The plugin automatically:
- Monitors `X-RateLimit-Remaining` header
- Waits when rate limit is reached
- Uses `X-RateLimit-Reset` to calculate wait time
- Retries failed requests with exponential backoff (up to 5 attempts)
- Handles transient errors: HTTP errors, timeouts, checksum mismatches, and network issues

## URL Handling

- Handles URLs from `zenodo.org`, `sandbox.zenodo.org`, `data.pypsa.org`, and `storage.googleapis.com`
- Other HTTP(S) URLs are handled by the standard `snakemake-storage-plugin-http`
- Both plugins can coexist in the same workflow

### Plugin Priority

When using `storage()` without specifying a plugin name, Snakemake checks all installed plugins:
- **Cached HTTP plugin**: Only accepts zenodo.org, data.pypsa.org, and storage.googleapis.com URLs
- **HTTP plugin**: Accepts all HTTP/HTTPS URLs (including zenodo.org)
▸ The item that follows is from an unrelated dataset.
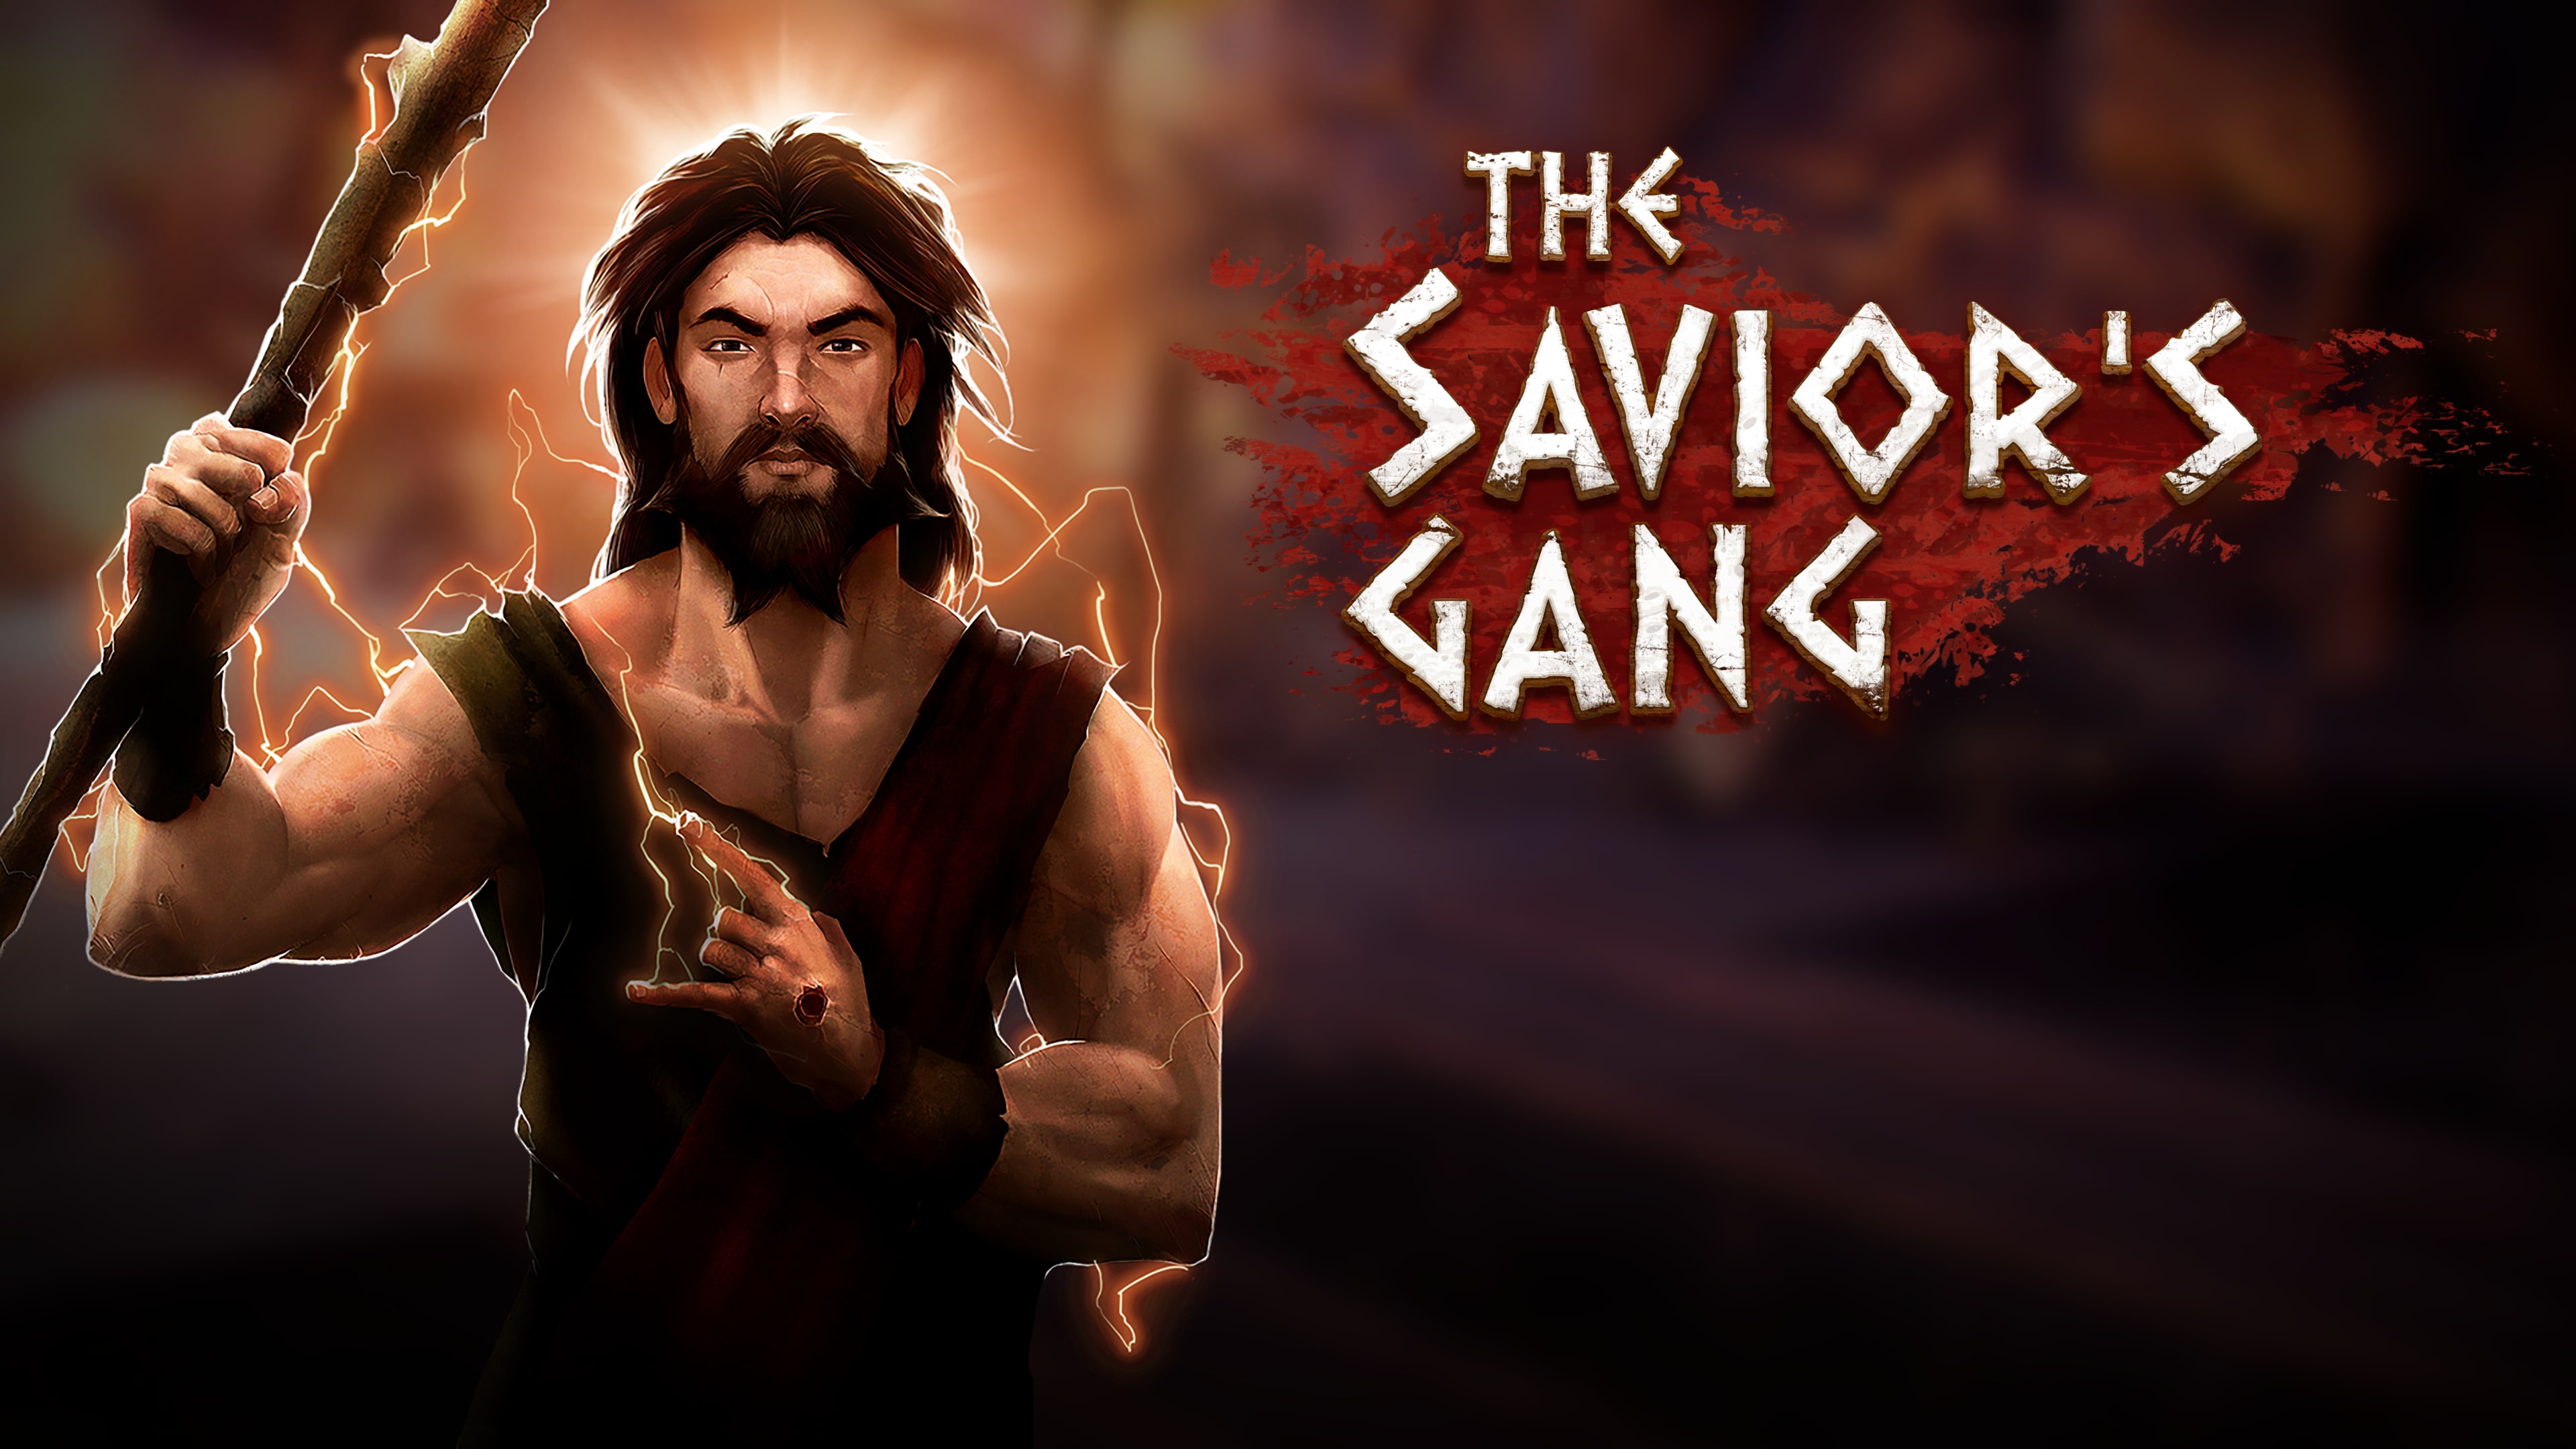 The Savior's Gang (英语)

If both plugins are installed, supported URLs would be ambiguous - both plugins accept them.
Typically snakemake would raise an error: **"Multiple suitable storage providers found"** if you try to use `storage()` without specifying which plugin to use, ie. one needs to explicitly call the Cached HTTP provider using `storage.cached_http(url)` instead of `storage(url)`,
but we monkey-patch the http plugin to refuse zenodo.org, data.pypsa.org, and storage.googleapis.com URLs.

## License

MIT License